Roald Dahl, pifferaio magico dell’era moderna, fu un bambino buono, attaccatissimo alla sua mamma alla quale scrisse una lettera alla settimana. Fu un bambino ingenuo e dotato di vivacissima fantasia: un dono prezioso che gli consentì di sopravvivere alle terribili punizioni e prepotenze che costellarono la sua infanzia e a raccontarle poi, con levità rara, in BOY, il suo libro di ricordi.

  • Domenica 27, alle 19.30, direttamente dal laboratorio sonoro dei Don Turbolento, aprirà la serata una performance elettronica dance che reinterpreta i canoni del dj-set con improvvisazioni live e una produzione mash-up di brani che hanno contribuito a definire gli orizzonti temporali della band. A seguire, alle 21, TRAINSPOTTING 2, di Danny Boyle. Sono passati vent’anni. Molte cose sono cambiate, ma altrettante sono rimaste le stesse. Mark Renton torna all’unico posto che da sempre chiama casa. Lì ad attenderlo ci sono Spud, Sick Boy, e Begbie, insieme ad altre vecchie conoscenze: il dolore, la perdita, la gioia, la vendetta, l’odio, l’amicizia, l’amore, il desiderio, la paura, il rimpianto, l’eroina, l’autodistruzione e la minaccia di morte. Sono tutti in fila per dargli il benvenuto, pronti ad unirsi ai giochi.
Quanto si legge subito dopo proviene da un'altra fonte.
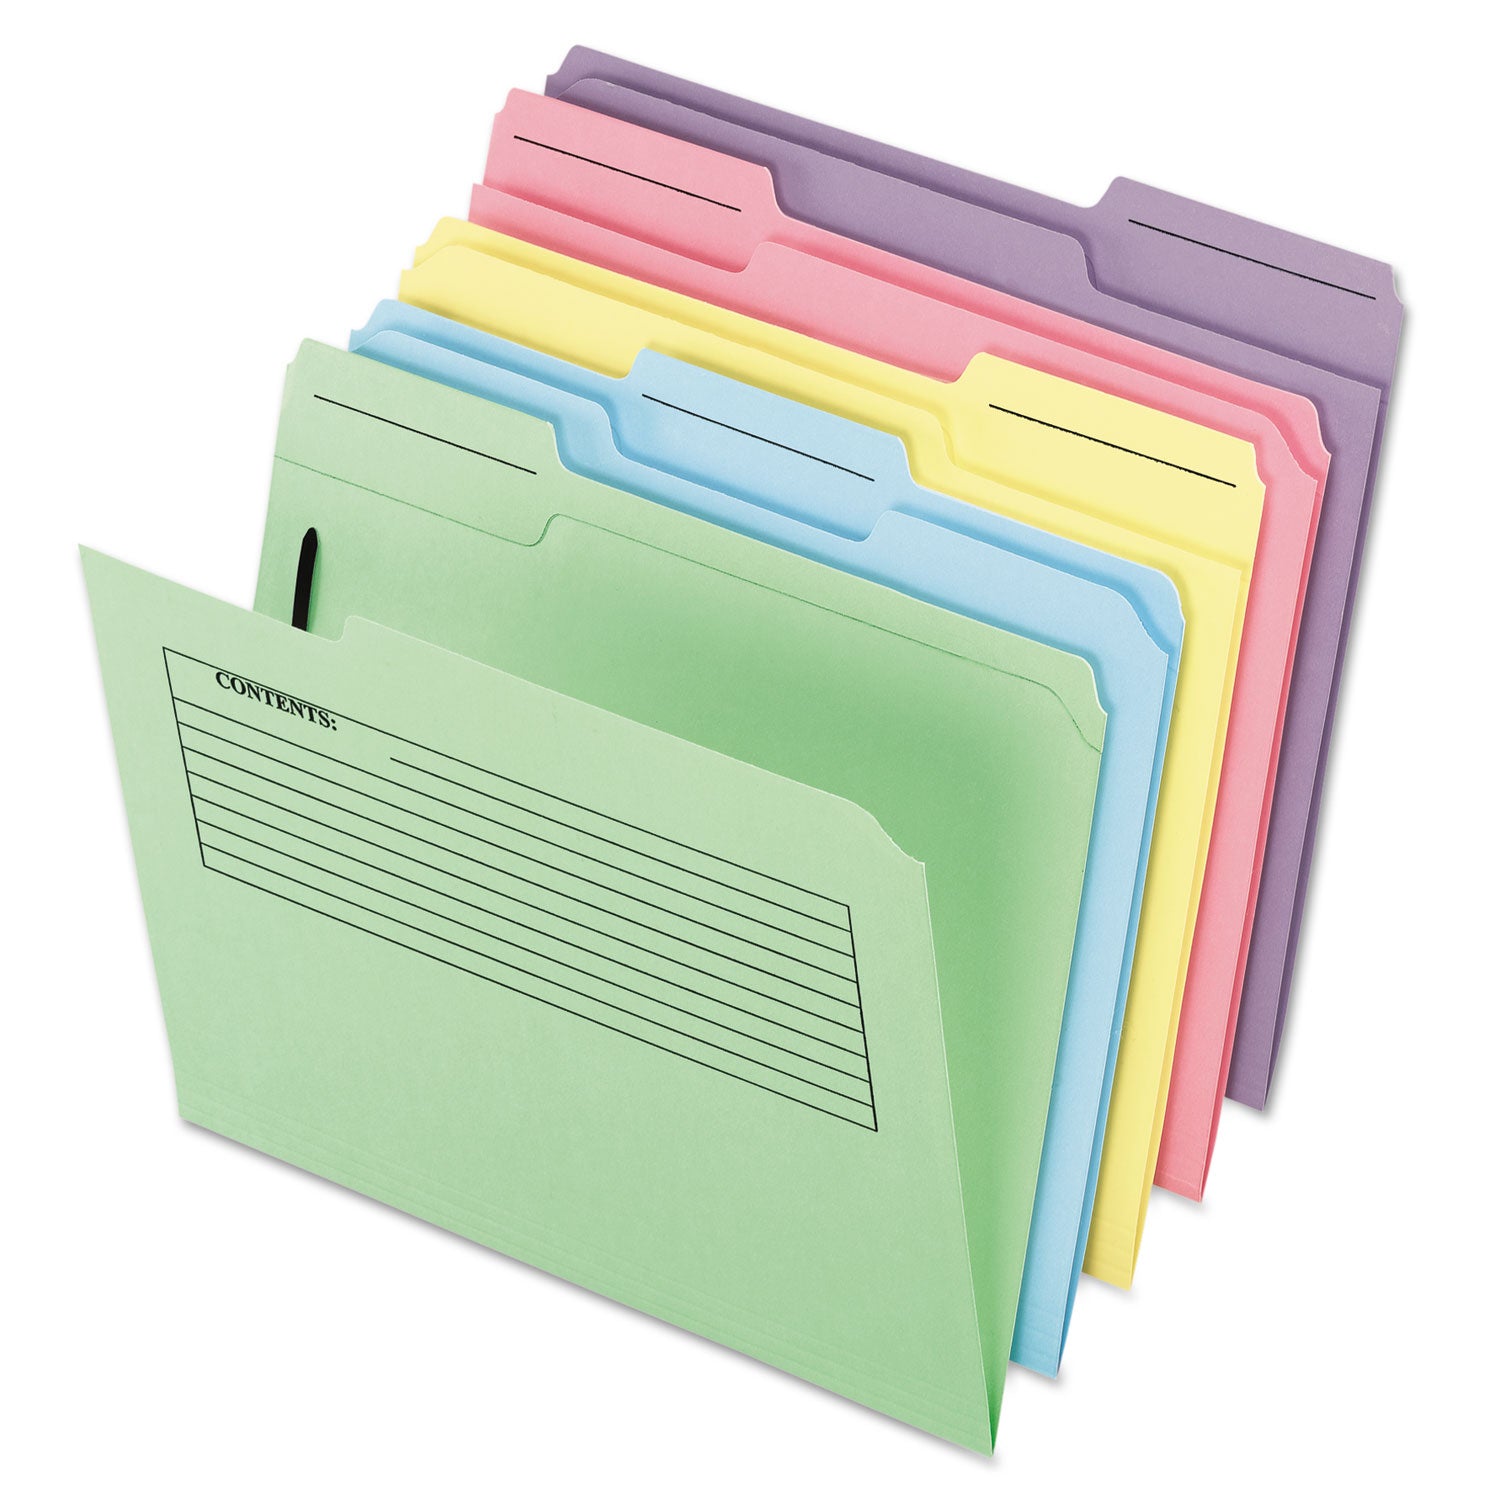 Printed Notes Fastener Folder, 1 Fastener, Letter Size, Assorted Colors, 30/Pack -

  • Lunedì 28, alle 21, sarà l’occasione per poter ammirare una delle sorprese dell’ultima stagione TUTTO QUELLO CHE VUOI, di Francesco Bruni, un film fresco, di un’intelligenza e una sensibilità rare nella commedia di costume contemporanea, la storia toccante e turbolenta dell’amicizia tra mondi estremi per età, cultura e classe. Un ponte generazionale teso tra nonni e nipoti empatico e prezioso interpretato da uno strepitoso Giuliano Montaldo e dall’esordiente Andrea Carpenzano.
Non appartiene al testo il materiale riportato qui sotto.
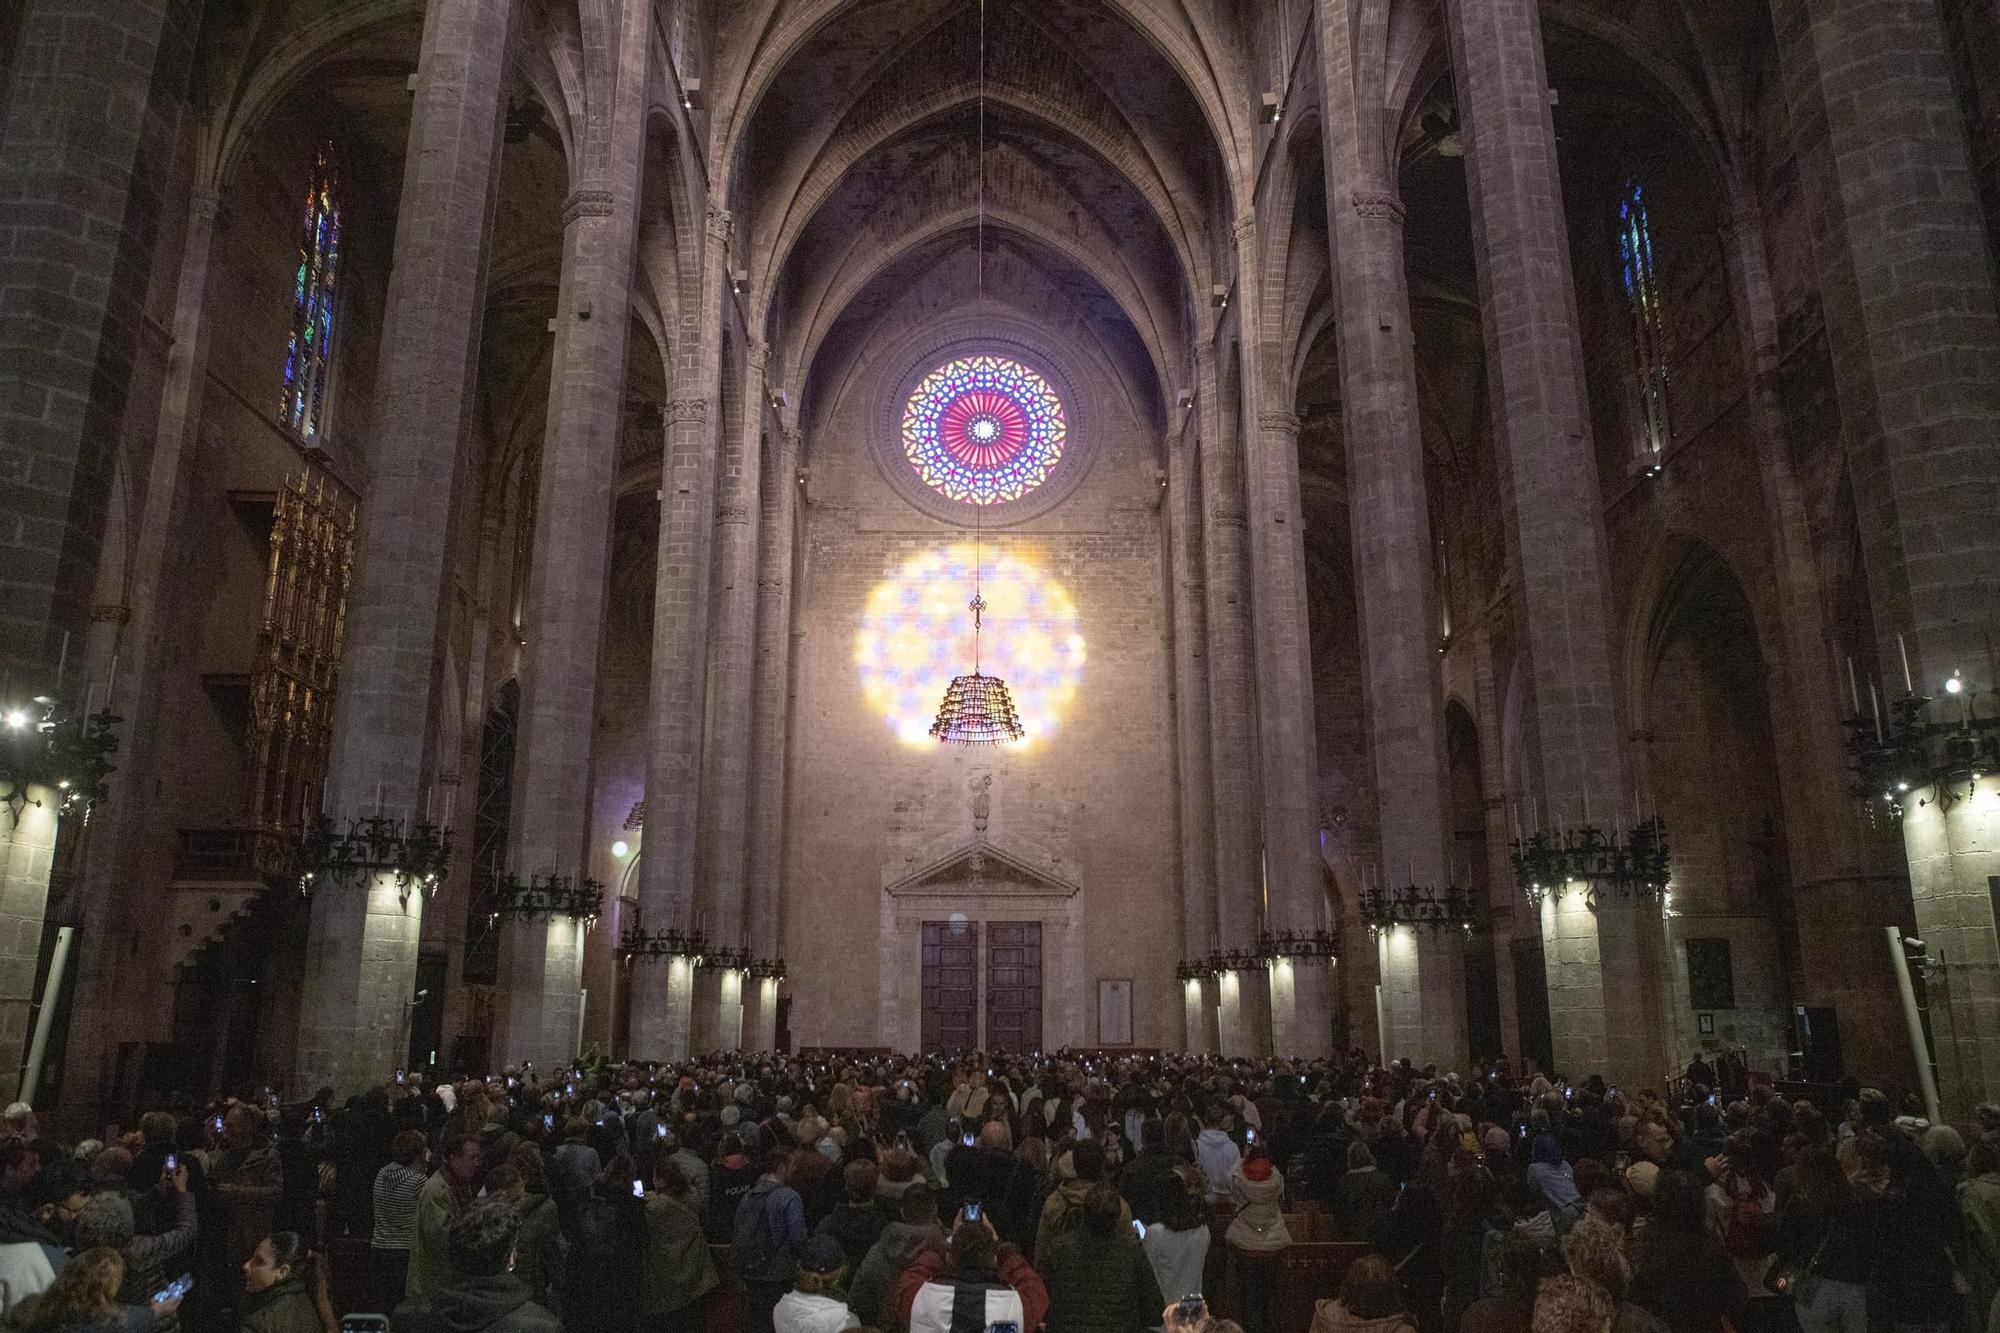 Fest des Lichtes auf Mallorca: So war die magische Acht am Freitag in der Kathedrale von Palma zu sehen

  • Martedì 29 alle 19.15 si potrà partecipare alla visita teatralizzata, Alla scoperta del castello, a cura dei Servizi Educativi della Fondazione Brescia Musei. Il capitano Sorelli racconterà il lungo lavoro di recupero e miglioramento della Torre dei prigionieri, mentre un erudito archeologo porterà il pubblico alla scoperta del castello in epoca romana, tra fortezze e Dei pagani. Alle 21 si potrà invece assistere alla proiezione di VIRGIN MOUNTAIN, dell’islandese Dagur Kári, una fiaba piena di fiducia nell’umanità, un ritratto delicato e, a tratti, surreale.
  • Mercoledì 30 alle 21 sarà in programma al Giardino dell’Eden I FIGLI DELLA NOTTE, di Andrea De Sica, film con cui il regista si è aggiudicato il Nastro d’Argento 2017 come migliore regista esordiente. Giulio, 17enne di buona famiglia, si ritrova improvvisamente catapultato nell’incubo della solitudine e della disciplina di un collegio per rampolli dell’alta società, dove vengono formati i “dirigenti del futuro”. L’istituto è situato tra le montagne delle Alpi, le regole sono rigide e ferree e il nonnismo dei ragazzi più anziani non rende certo più semplice la vita di Giulio. L’unico conforto per lui diventa l’amicizia Edoardo, anche lui ospite del collegio. I due ragazzi ben presto diventano inseparabili, complici le scappatelle notturne dalla scuola-prigione e la frequentazione della giovane prostituta Elena. La trasgressione, però, fa parte dell’offerta formativa: il collegio è a conoscenza del locale e delle uscite notturne e gli educatori, tra cui Mathias, vigilano costantemente senza farsi notare…

In attesa di svelare il week end finale, a chiudere il mese di agosto, giovedì 31 alle 21, sarà in programma il film del regista spagnolo Raul Arevalo LA VENDETTA DI UN UOMO TRANQUILLO, “un film teso, potente e prepotente (…) che in originale – Tarde para la ira – avverte: è tardi per la rabbia. (…) il debutto dell’attore Raúl Arévalo (…) è una feroce analisi sulla violenza, tanto che si pensa al western in una cornice che viaggia dalla Madrid periferica alla campagna”. Un film, girato in 16mm (oggi quasi nessuno usa più la pellicola), che ha l’aria di un poliziottesco italiano dei ’70 per quanto è ruvido e spigoloso e con cui Raúl Arévalo ha vinto contemporaneamente il Goya (Oscar spagnolo) per Miglior Film e Regista.